Filename Size Output SHA256 Hash Size bytes Memory Peak Execution time
Overlay-NullBytes3.malz 762.939MB 46aeb0... 14699520 1.505GB [0.48, 0.48, 0.46]
NON-Null-Overlay1.malz 815.940MB 2cabe1... 11896610 1.605GB [0.47, 0.49, 0.48]
NON-Null-Overlay-Random.malz 674.557MB 82c42d... 539498 1.318GB [0.42, 0.41, 0.42]
Themida-Overlay-UnknownFamily.malz 439.726MB c23ffc... 2679856 883.933MB [0.32, 0.32, 0.32]
Resource4.malz 300.388MB 150f5e... 2480030 305.179MB [3.9, 3.76, 3.42]
Resource.malz 300.348MB abf3d2... 1403904 303.208MB [3.3, 3.3, 3.71]
Section-UnknownPacker.malz 705.287MB 85fd15... 5539328 1.372GB [5.94, 5.91, 5.81]
OverlayHighCompression.malz 734.451MB a72adb... 2127360 1.436GB [0.47, 0.47, 0.49]
Overlay-AfterSignature2.malz 738.980MB 04d8ac... 868352 740.673MB [0.0, 0.0, 0.0]
Packed.malz 726.000MB 7ff8cf... 185346 1.418GB [0.47, 0.5, 0.5]
DotNetResource.malz 307.925MB ---Processing Failed---- ---- ----- [2.4, 2.41, 2.34]
Section3.malz 325.880MB 28e62e... 6166016 645.925MB [2.48, 2.46, 2.47]
Overlay-Random-Chunks.malz 604.650MB 0a40ea... 300724 1.181GB [0.4, 0.4, 0.4]
Overlay-NullBytes2.malz 762.939MB 160ea0... 16570880 1.506GB [0.51, 0.49, 0.49]
Section2.malz 709.919MB 0c5c73... 952320 1.386GB [4.61, 4.64, 4.62]
Section1.malz 1.264GB 89cd0e... 72192 2.529GB [8.59, 8.46, 8.51]
Bloat_After_SignatureExample.malz 636.277MB e1816c... 1575424 639.319MB [0.01, 0.0, 0.0]
Squiblydoo commented 10 months ago

I have somewhat more confidence in the Refinery_Strip method than my own Dynamic_trim due to the author's skill; I just haven't confirmed that it works consistently as expected when set to the full aggressive setting.

I plan to do review of this today; I can write all the patched binary to a directory and manually inspect them against their originals to determine the information removed. There may be faster or smarter methods, but this is one that I believe I can complete easily enough.

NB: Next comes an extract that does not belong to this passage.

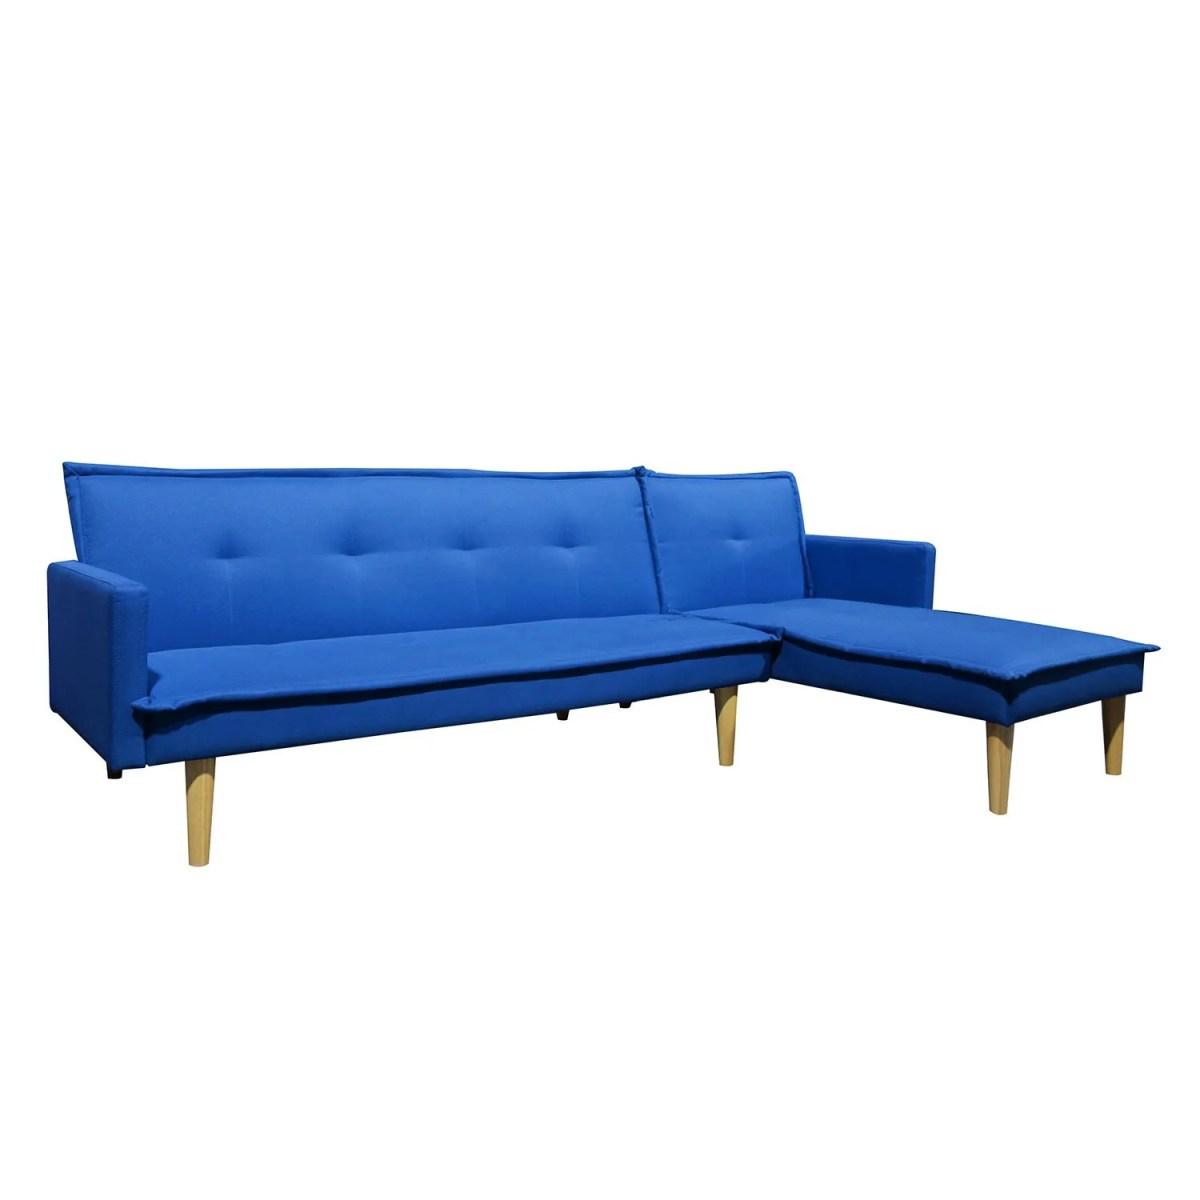 sala esquinada sofá cama independencia azul 2

Some samples, like the Packed examples (or this Emotet ) contain important bytes in the overlay. I'm fairly sure that the Refinery_Strip won't remove them, but it is something I'd like to be certain of. (In my dynamic trim, I often erred on the side of caution and left extra bytes.)

Update: Talking with Jesko we identified that the pestrip as implemented in Binary Refinery was unable to handle the important bytes in the overlay. This commit to Binary Refinery introduced new capability to handle them.

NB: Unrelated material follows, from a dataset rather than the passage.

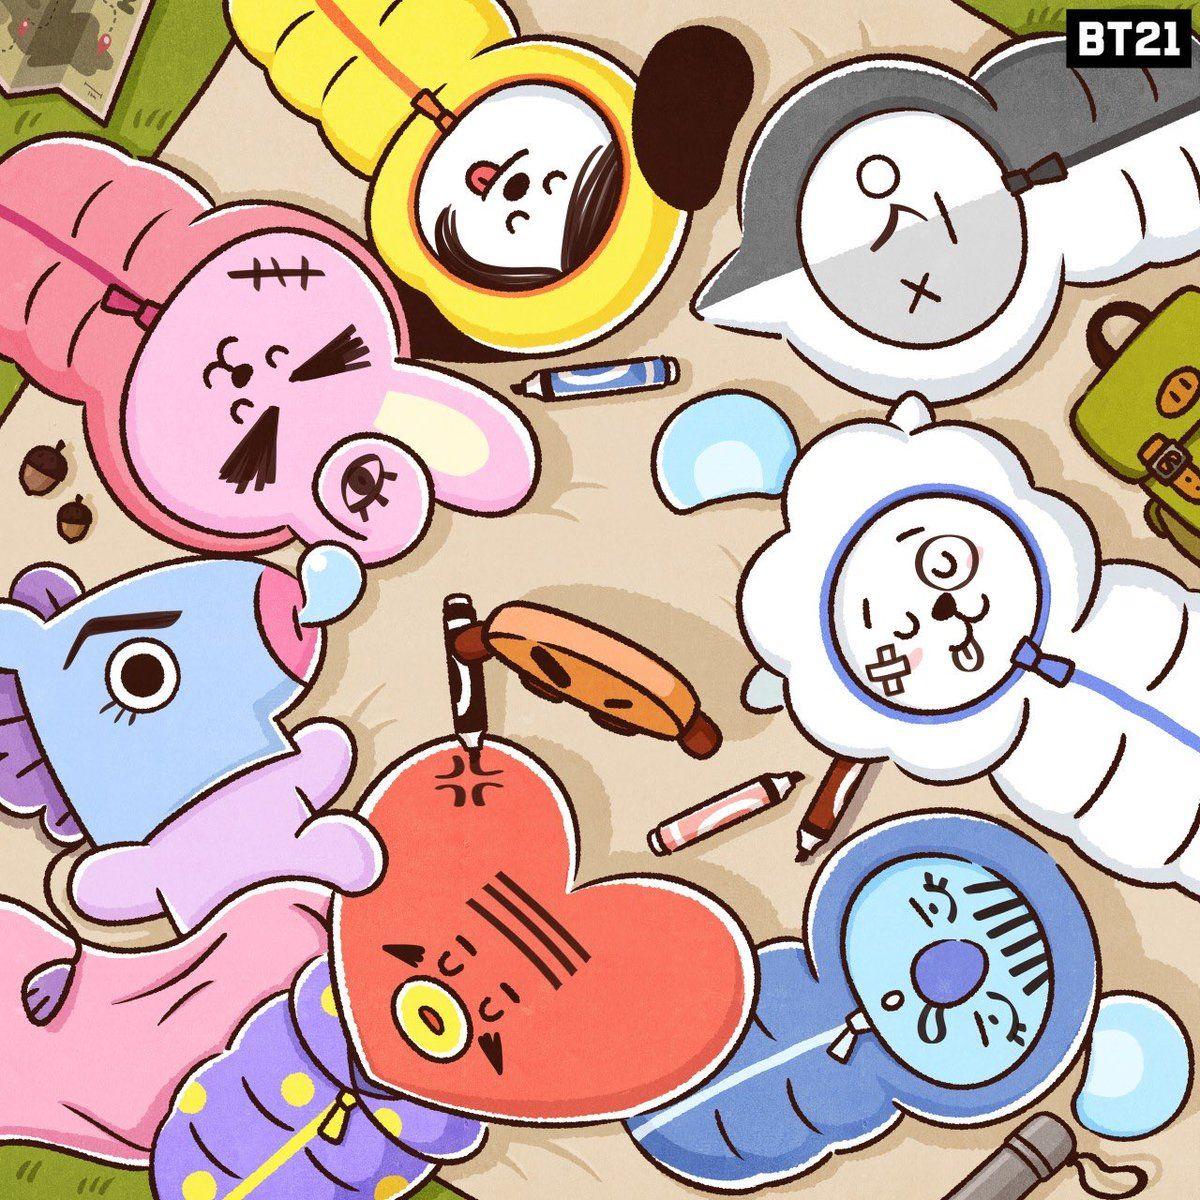 Bt21 On Twitter Line Friends Bts Wallpaper Bts Drawings

gdesmar commented 10 months ago

More things make sense with the refinery link. I did see your comments at the top of the file, but did not investigate it before. Regarding the threshold in refinery_strip, I tried to keep my changes to a minimum, but the whole if 0 < threshold < 1: code block is not accessible. I see now that it's an artefact from refinery, and that you may re-enable it at some point. Regarding test.py, I would be glad if it was added directly to the repository (albeit with a better name). If it was to be used more often, it would probably be best to make it a bit nicer, like using tempfile for the memray.bin and out files, or at least clean those up after the execution of the script, and exit with a warning before overwriting/deleting them.